С этой позиции мыслящего человека не собьет даже то обстоятельство, что поминки в двенадцатой квартире начались не со слов: «Во всем эта кукушка виновата. Вы понимаете, о ком я говорю: об ней, об ней! — и Катерина Ивановна закивала ему на хозяйку…» — а с того, что Зинаида Петровна Кузнецова сделала несколько шагов по направлению к центру кухни и плаксиво провозгласила:
— Давайте, товарищи, помянем по русскому обычаю новопреставленную рабу божью Александру…
Все подняли свои рюмки, застыли, перевели дух, выпили и снова перевели дух. Единственно Рыбкин только подержал рюмку в руках и поставил ее на место.
— А вы что же, товарищ инспектор? — с фальшивым участием спросил его Фондервякин.

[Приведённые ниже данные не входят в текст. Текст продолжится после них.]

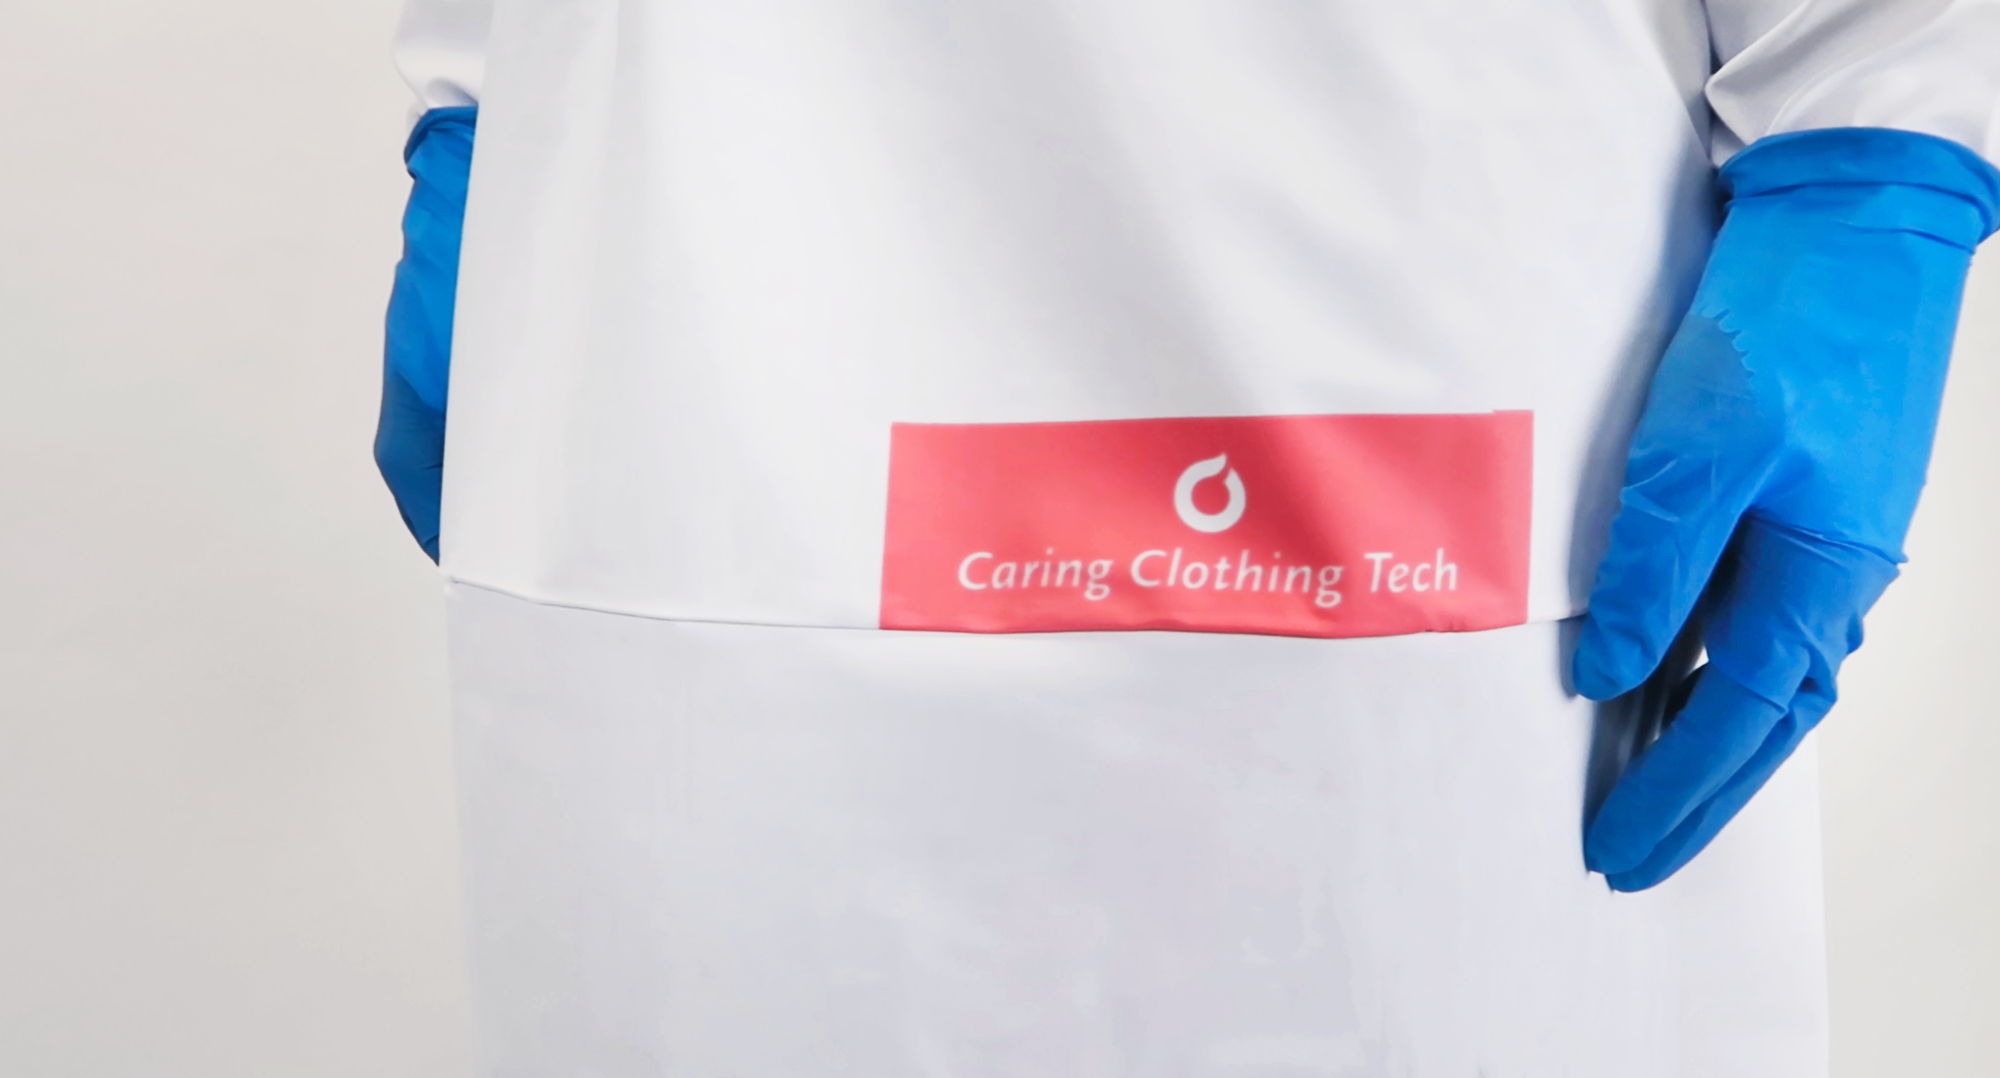 Caring Clothing Tech

— Странный вопрос… — сказал Рыбкин. — Я же при исполнении…
— Добротный у вас характер, — одобрил его Белоцветов, — характер, так сказать, резко континентальный.
— Подумаешь, при исполнении! — вступила техник–смотритель Вострякова. — Я вот тоже практически при исполнении, а все–таки компанию поддержала. Как говорится, служба службой, а народные обычаи — это свято.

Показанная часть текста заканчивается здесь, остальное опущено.